Line item pacing vs. Campaign pacing
Pacing allows you to evenly spread your budget over the course of a day or an entire line item or campaign, thereby minimizing the risk of overspending your budget in a very short period of time. The primary ways to assign pacing are at the Line Item level and at the Campaign level. While there are many advantages to using pacing at both levels, there are potential problems that must be considered. This document describes certain methods and procedures that will allow you to get the most out of pacing without unintended ramifications.
What is pacing?
Pacing is the method by which the system determines how to spend the designated budget (or number of impressions) so that impressions serve evenly throughout over a specified period (a period can be a day or it can be the life of the campaign or line item). This method can be used if you wish to serve impressions for part of the day (called dayparting) or for the entire day.
You can set pacing when you are creating either a new Line Item or Campaign (or even at the insertion order level).
Note
The budget allocation and pacing of your line item will be determined based on the flight dates of the underlying campaigns. As a result, we recommend that you have campaigns running for the entire duration of the parent line item's billing periods/flight dates.
When should I use line item level pacing?
This method takes all of the campaigns under it into consideration when setting the pacing. This pacing technique allows you to control the budget of all of the campaigns in the line item as a whole. If you aren't concerned with the specific performance of individual campaigns, but you do need the line item to serve evenly, you should use this method. Note that you will not control which campaigns will use more of the line item budget and which will use less. Pacing at the line item level is based on Revenue or Impressions.
When should I use campaign level pacing?
You should use this method when you want to control the budget of each individual campaign. While this may involve more work during setup, it is more accurate and has the added benefit of ensuring proper pacing at the line item level (assuming all campaigns pace correctly). Pacing at the campaign level is based on Cost or Impressions.
Best practice recommendations
Microsoft Advertising makes the following suggestions regarding pacing:
Resist pacing at multiple levels
In most cases, the benefits of pacing can be recognized by setting it at either the line item level or the campaign level. Setting it at both levels can be unnecessary and potentially result in uneven or under delivery. Daypart campaigns are a perfect example of this - the line item budget will attempt to pace that campaign across all 24 hours, while the campaign will pace only during the hours it is supposed to serve. These conflicting settings can lead to underspend or massive spend spikes.
There are a few rare cases where pacing at multiple levels has benefits, but if you are not certain as to why you are setting both levels, choose one or the other.

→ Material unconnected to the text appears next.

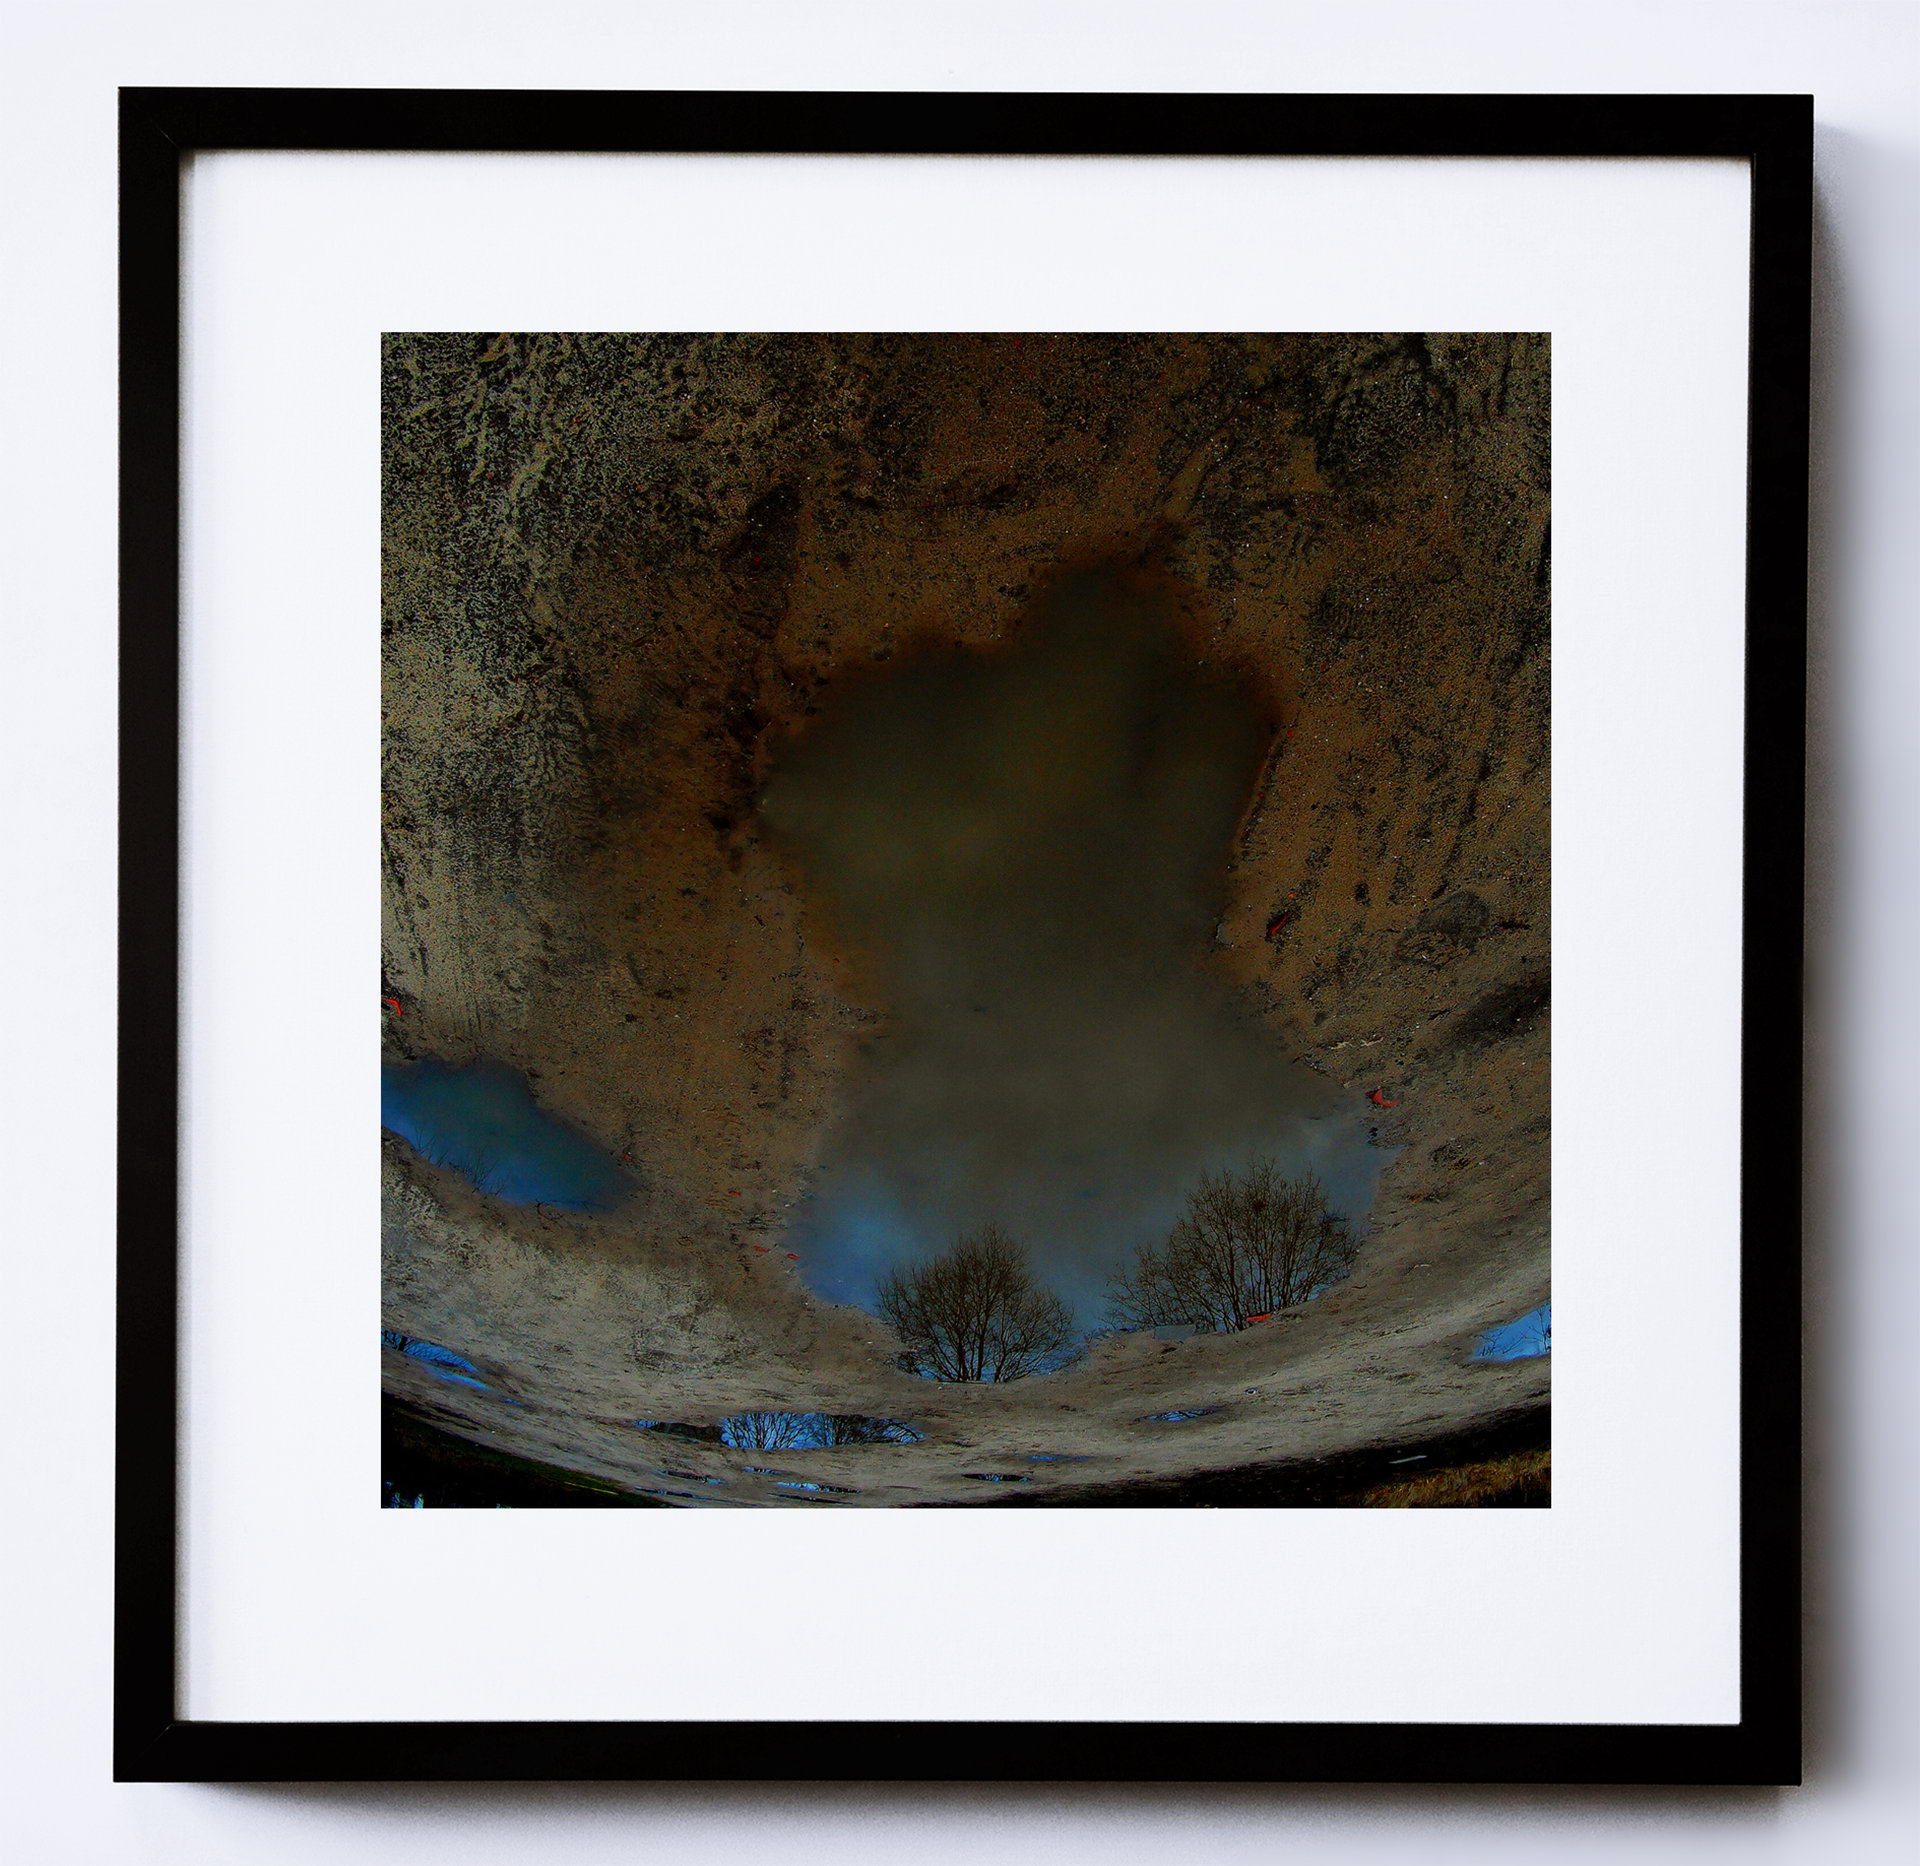 Kolorowa fotografia, utrzymana w ciemnej kolorystyce, ukazująca kałużę z odbijającymi się w niej fragmentami nieba.

Set pacing at the campaign level first
As a general rule, pacing should be done as specifically as possible to apply the greatest level of control. Therefore, you should always try to apply pacing to the campaign level first. Only if you cannot meet your pacing goals at the campaign level should you try to apply it at the line item level.
Ensure that you target adequate inventory
If your campaign targets limited inventory (perhaps you have defined a very small segment or a very specific inventory source), daily pacing might limit your opportunities to serve to the point that it is practically impossible for you to spend anywhere near your daily budget. Ensure that you have an adequate inventory source so that your campaign can win enough auctions to spend properly.